Friday, June 14, 2019
Anxiety dream unfairly early
The students start to be unruly. Now it is a nightmare.
One student is --- loudly, and frankly with excellent diction and vibrato --- standing on a wheely chair (danger!) and singing an aria from The Barber of Seville. Other students are just on their phones. In the corner, it looks like maybe some of them are catching Pokémon. Some of them are openly working on homework for other classes. How do they already have homework in other classes? --- it is the first day of class!
I cannot regain their attention, somehow. My usual classroom demeanor is not working, everything is out-of-control, I make a math mistake on the board and now even the handful of students who were following are confused and starting to check out.
Aaaaauuuggghhh....
... then I wake up and it is still JUNE, how dare my brain already have this anxiety prepped, this is outrageous. I flatly refuse to experience waking anxiety about the next semester when the entire summer is still ahead of me. It. is. not. fair.
(I blame this on residual anxiety from my extremely dramatic late-to-my-own-final-exam event last month. I will have anxiety dreams about that for the rest of my life.)
This post's theme word is squirl (n), "a flourish or curve, especially in handwriting." I compliment you on your elaborate and expressive squirl, which I assure you is NOT a Pokémon.
Wednesday, September 5, 2018
First-week-of-class nightmares
I dreamt I was visiting a friend in Toronto, and Canada got nuked. We became pedestrian refugees of a senseless attack. All the other pedestrian refugees were very nice, of course, but it wasn't clear where we should walk or who would help us when we got there. Or if the border was even open?
Thanks, brain, for this channelling of a feeling of powerlessness and despair, with generous helpings of the news, plus some flavor added from Station Eleven by Emily St. John Mandel. This dream in no way constitutes spoilers for the book, or indicates any hostility towards Canada.

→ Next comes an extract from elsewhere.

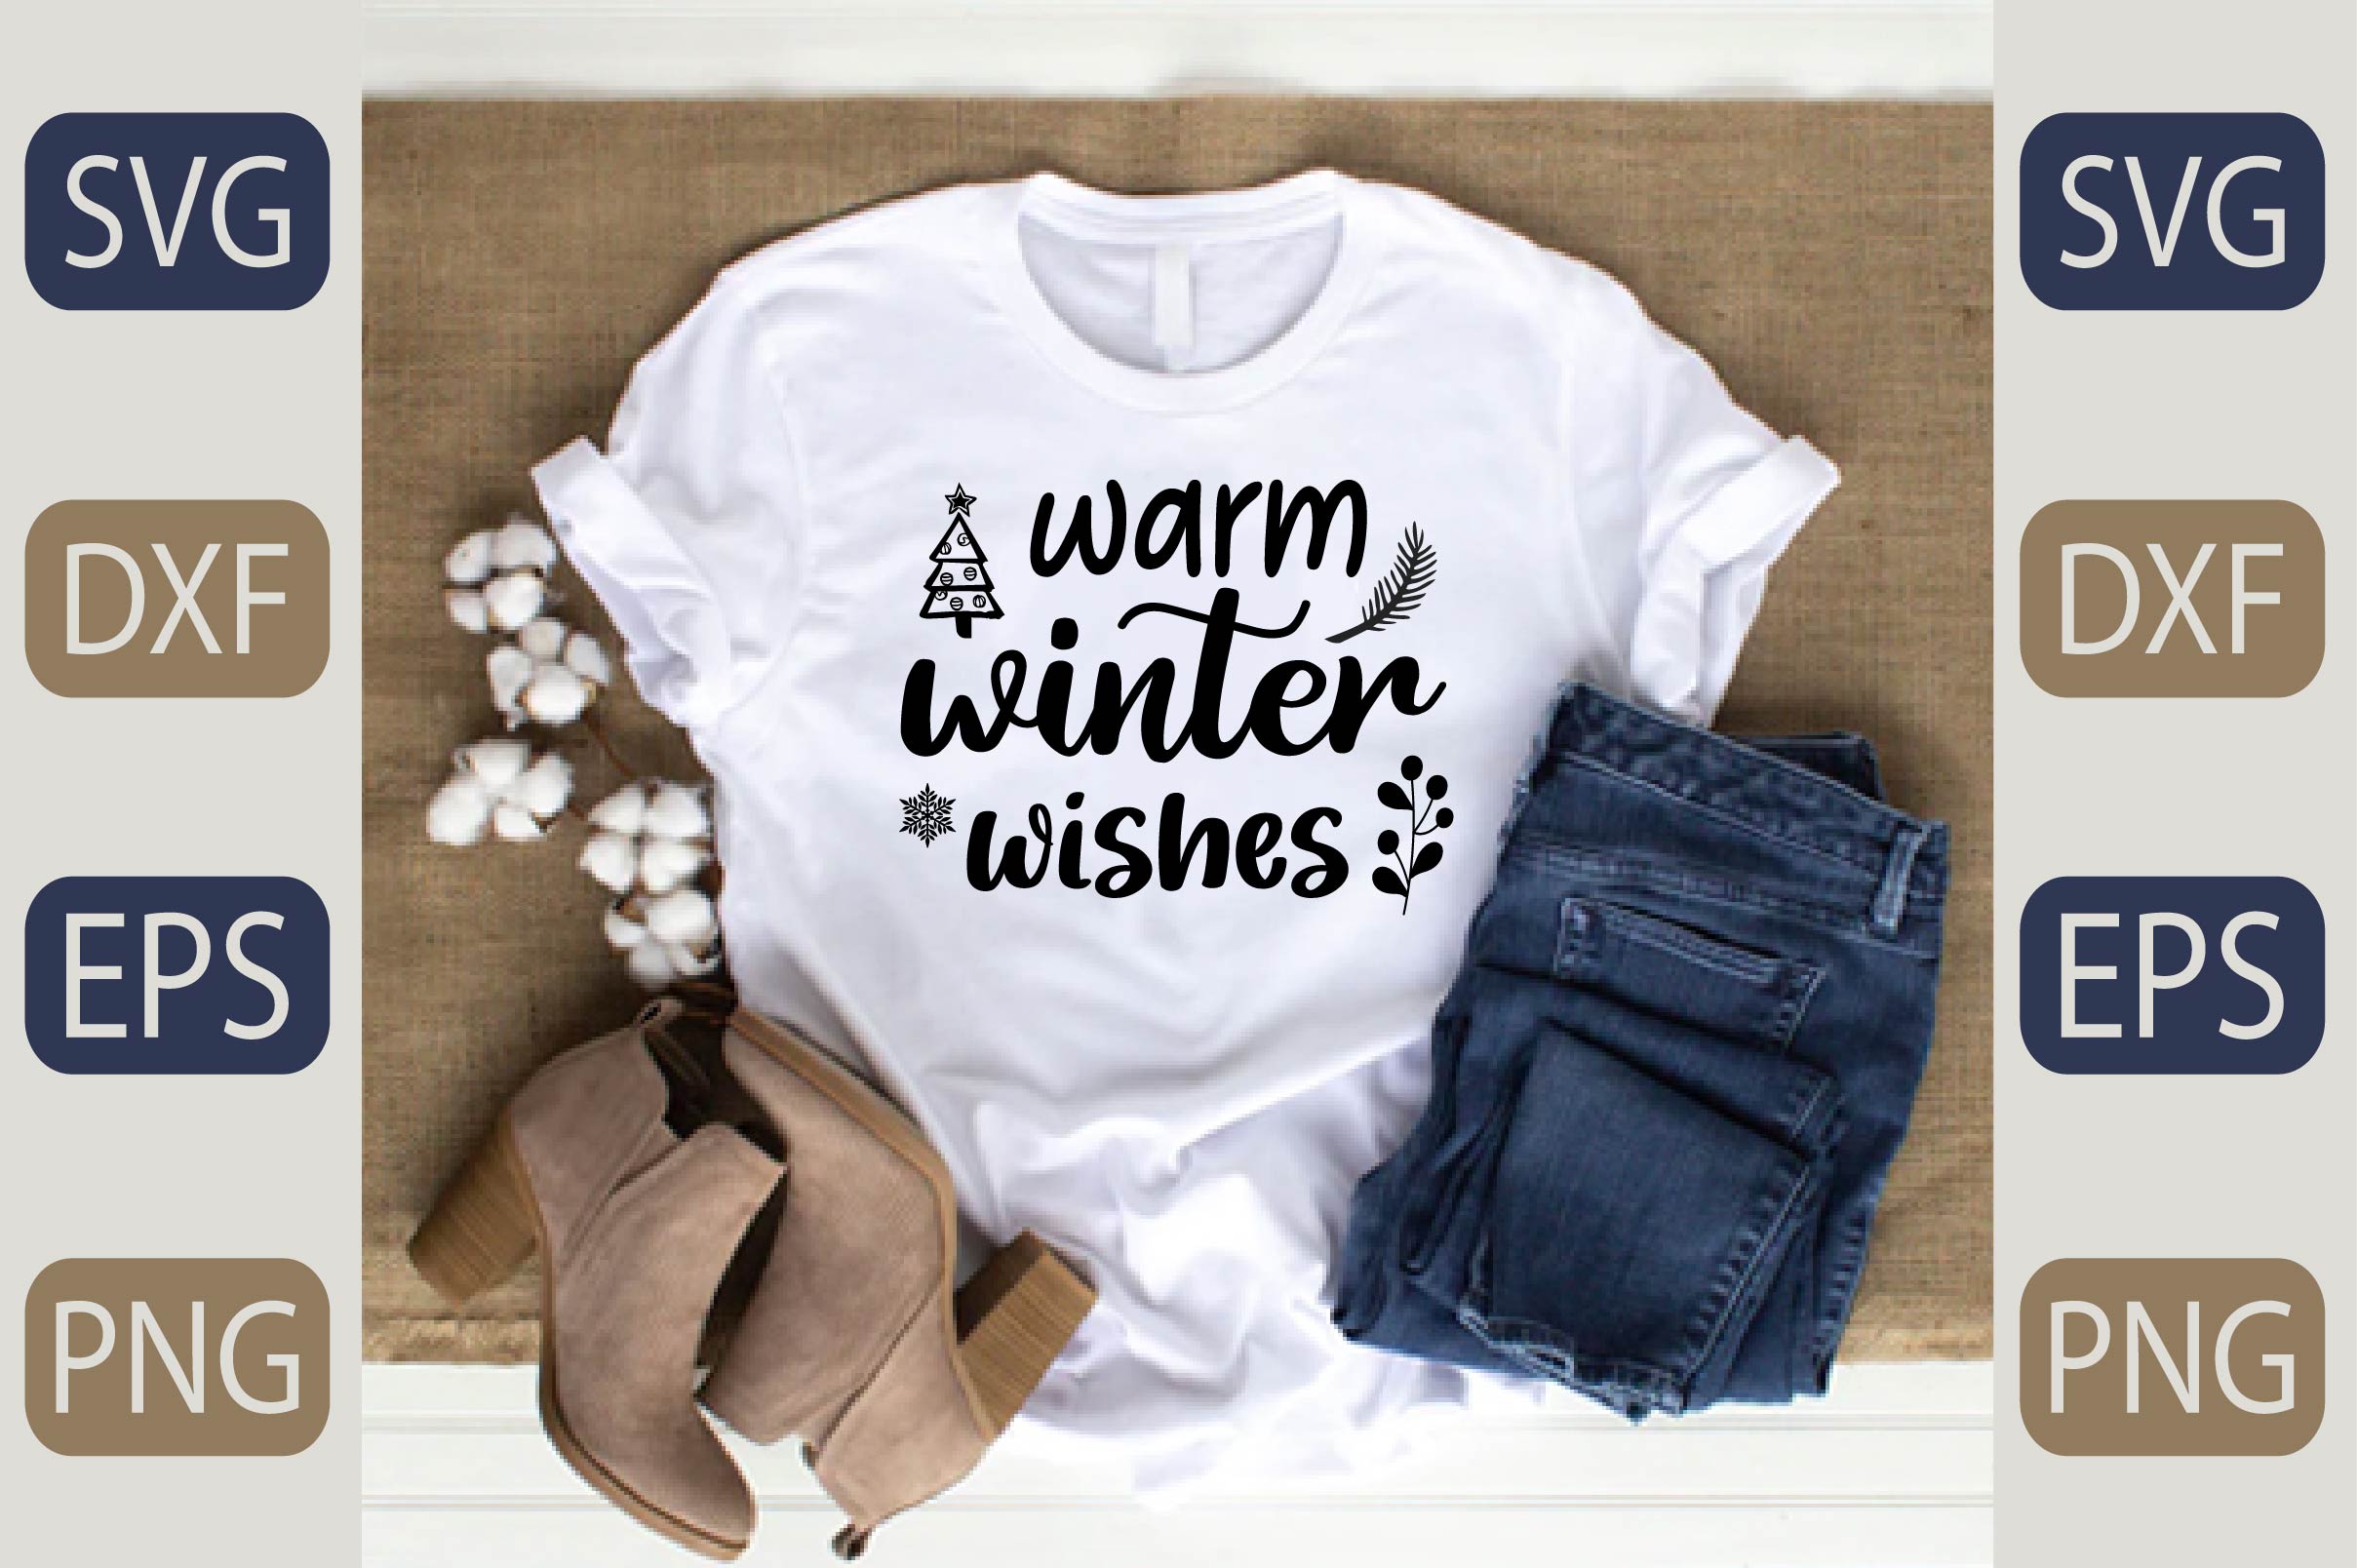 T - shirt that says warm winter wishes.

I dreamt I was called up for jury duty, and when I went, it was held on the top of a cliff. As I climbed the tenuous, slippery staircase, the final section of railing pulled out of the wall in my hands, and I slipped... and caught myself! On the cliffside. Which was not very grippy, so I briefly hung there, thinking "well, let's see if all that climbing helps me now...", then fell to the bottom of the stairwell, which started inside a building (unroofed, evidently). I managed only to sprain my ankles, but the person (also a professor!) behind me on the stairs dislocated one hip, broke the other leg, and had various spinal injuries.
While we were in the hospital, still in the dream, we were anxious that we would be penalized for missing jury duty. Then also the other professor was considering: if you sue the courthouse for injuries you incurred while attending jury duty, how will that be adjudicated? Thanks, brain, for this channelling of anxiety about fulfilling my adult responsibilities, with a little added bonus of "your hobbies are idle and won't help you in an emergency". (Double-added bonus for "and now I can't get back to sleep", which I will combat by "fine, then, let's start the day right now".)

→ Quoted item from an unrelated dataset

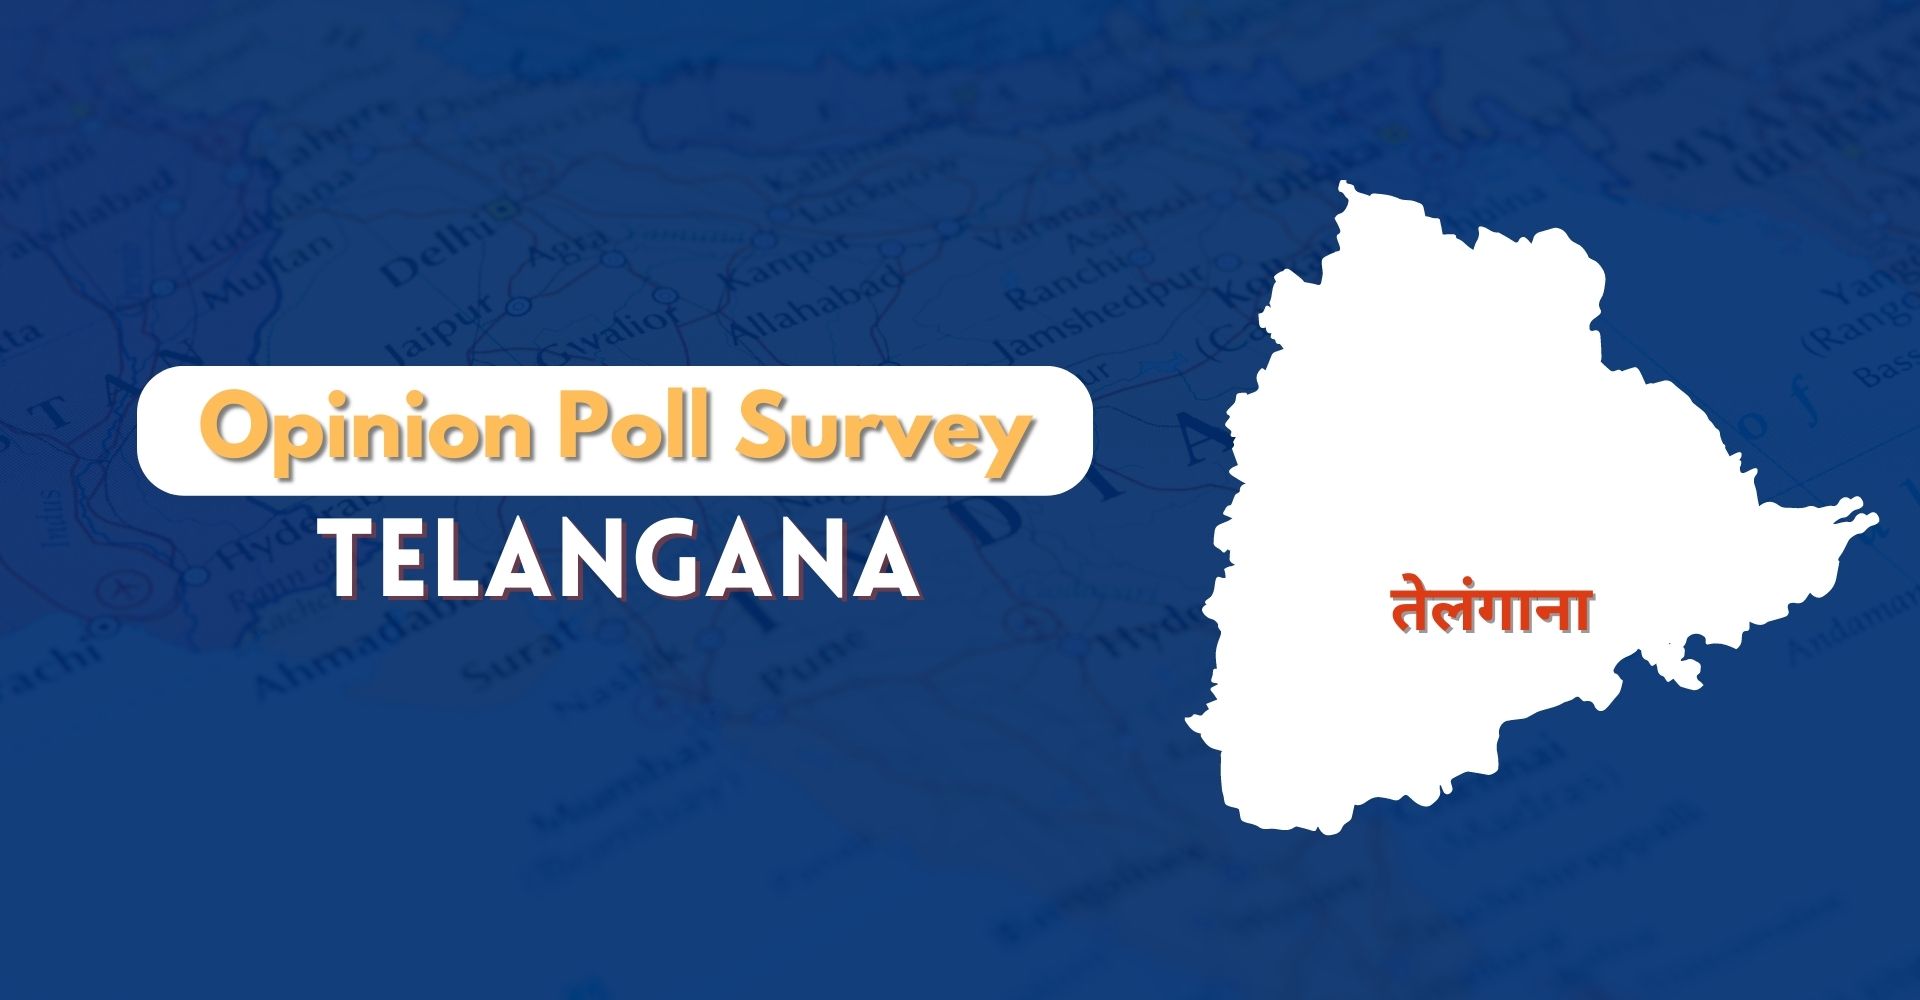 Opinion Poll Survey in Telangana Election

Professors get anxious, too.
This post's theme word is tenesmus (n), "a distressing but ineffectual urge to defecate or urinate." Having a nightmare? Throw in some tenesmus for fun!
Tuesday, February 13, 2018
"Write it in your dream journal."
For example:
- Misery poker retort:
"I have three papers due this week!"
"Write it in your dream journal." - Cut off that annoying conversationalist:
"I had such a crazy weekend that-"
"Write it in your dream journal." - Conversation ender:
"Will you help me with this project?"
"Write it in your dream journal." (accompanied by hair flip and smoothly walking away)

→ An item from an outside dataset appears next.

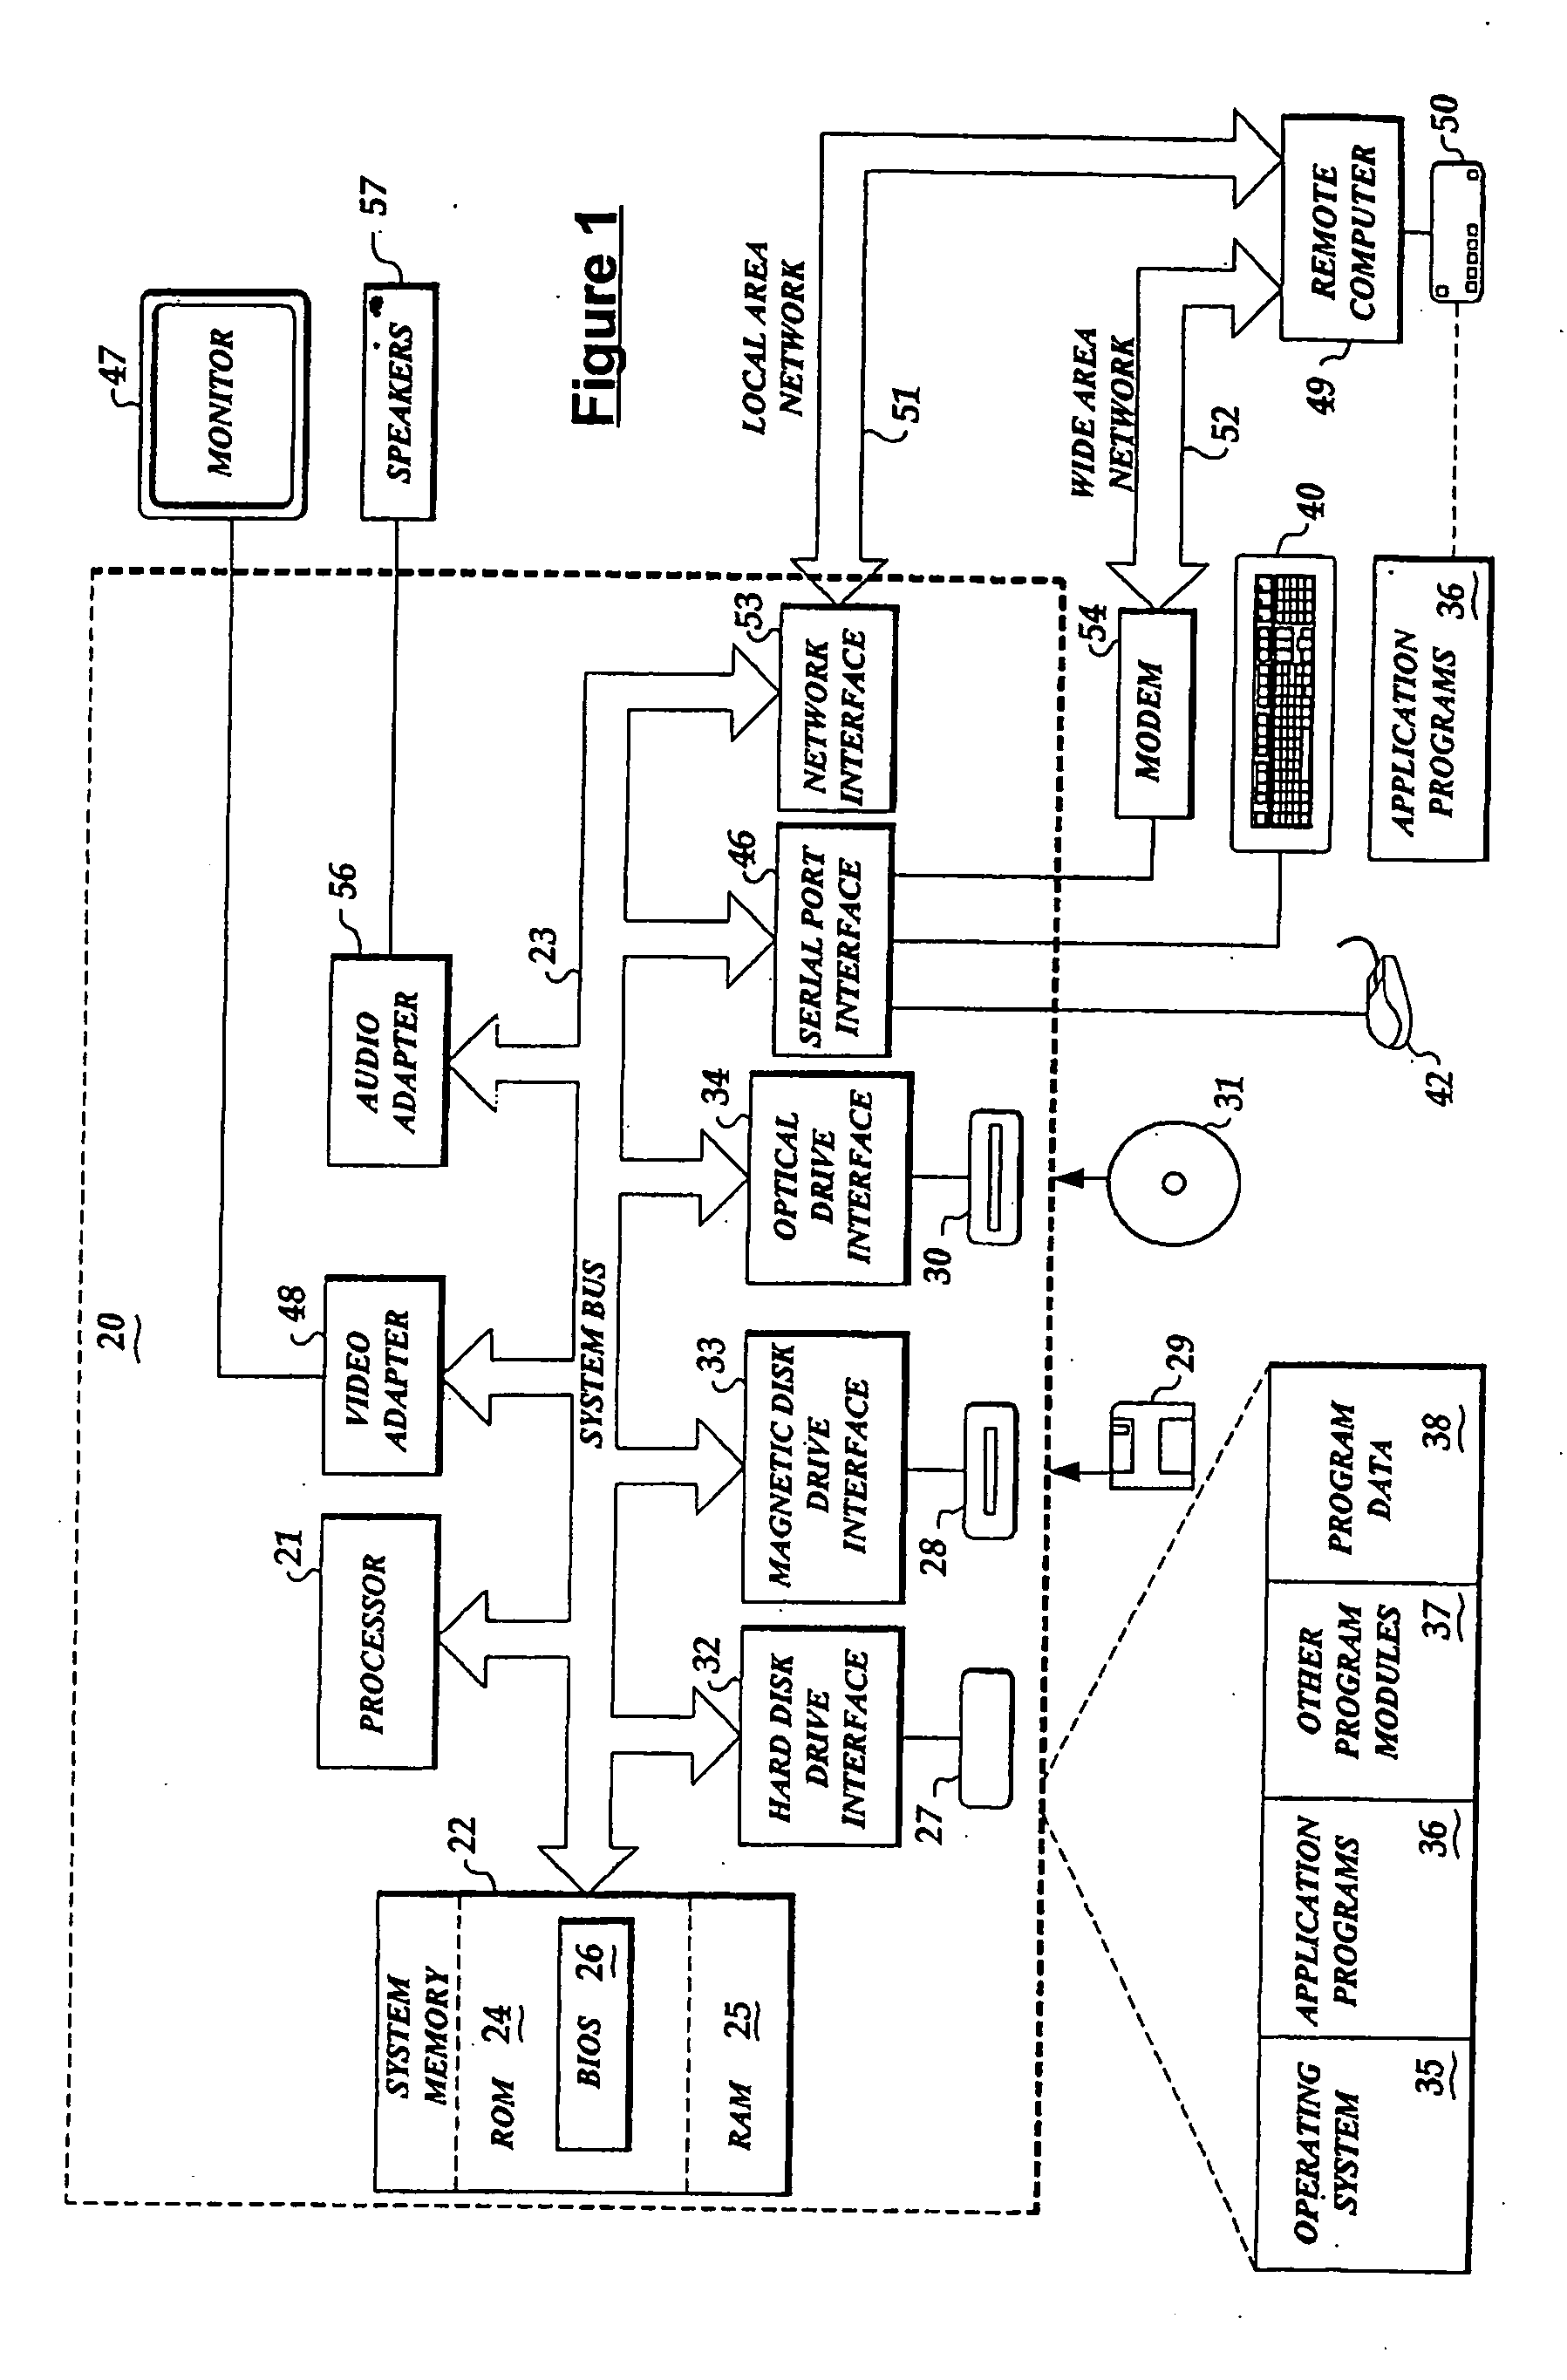 Method and system for real time scheduler

Hello, internet. I often remember my dreams, but the coolness of this is offset by the banality of the dreams themselves. Even to me, they are not that compelling; perhaps I have stringent requirements for characterization, plot, and style --- and my own imagination fails to meet these standards.
I recently had a dream wherein I kept trying to remember what happened in my dream, and almost remembering it, then feeling it slip away. When I woke up, I had this feeling... but then I remembered: that was exactly a dream! So it didn't slip away. I found the bottom of the inception stack, and what was there was, frankly, not that interesting.
I also recently had a dream where I noticed a very vibrantly-colored spider, with rectangular pastel markings that looked a bit like eye spots. It also had a very elaborate web design. (Possibly this dream comes from watching too many nature documentaries.)
... and now: they are written in my dream journal. Of sorts. May my continued public expression of private thoughts please you, my readership.
This post's theme word is: antimeria (n), "a rhetorical device in which an existing word is used as if it were a different part of speech." English is insidious about verbing nouns and nouning verbs, and mushing all together until the meaning must coalesce, as from a dream, out of a certain invoked ambiance.
Saturday, July 14, 2012
Autodidactic somnolent piano
Plus I discovered that I can't teach myself to play the piano in a dream. No matter how many times I started, my brain didn't have enough details to teach me how to place my fingers properly. My brain did have enough detail to make me hear my fudged notes realistically.
This post's theme word is kludge, "a solution that, while inelegant, inefficient, clumsy, or patched together, succeeds in solving a specific problem or performing a particular task." My somnolent mind formed a hilarious kludge of an Austin novel.
Tuesday, July 10, 2012
The Great Retroactive Blogging Project of 2012
As I walked to the gym I listened to this Drabblecast story about a man haunted by his own abandoned kidney. The story's creepiness blended with my half-remembered dream and a mental image of the plucked-chicken-baby, so that my morning was full of vague unease, itchiness, and sweat.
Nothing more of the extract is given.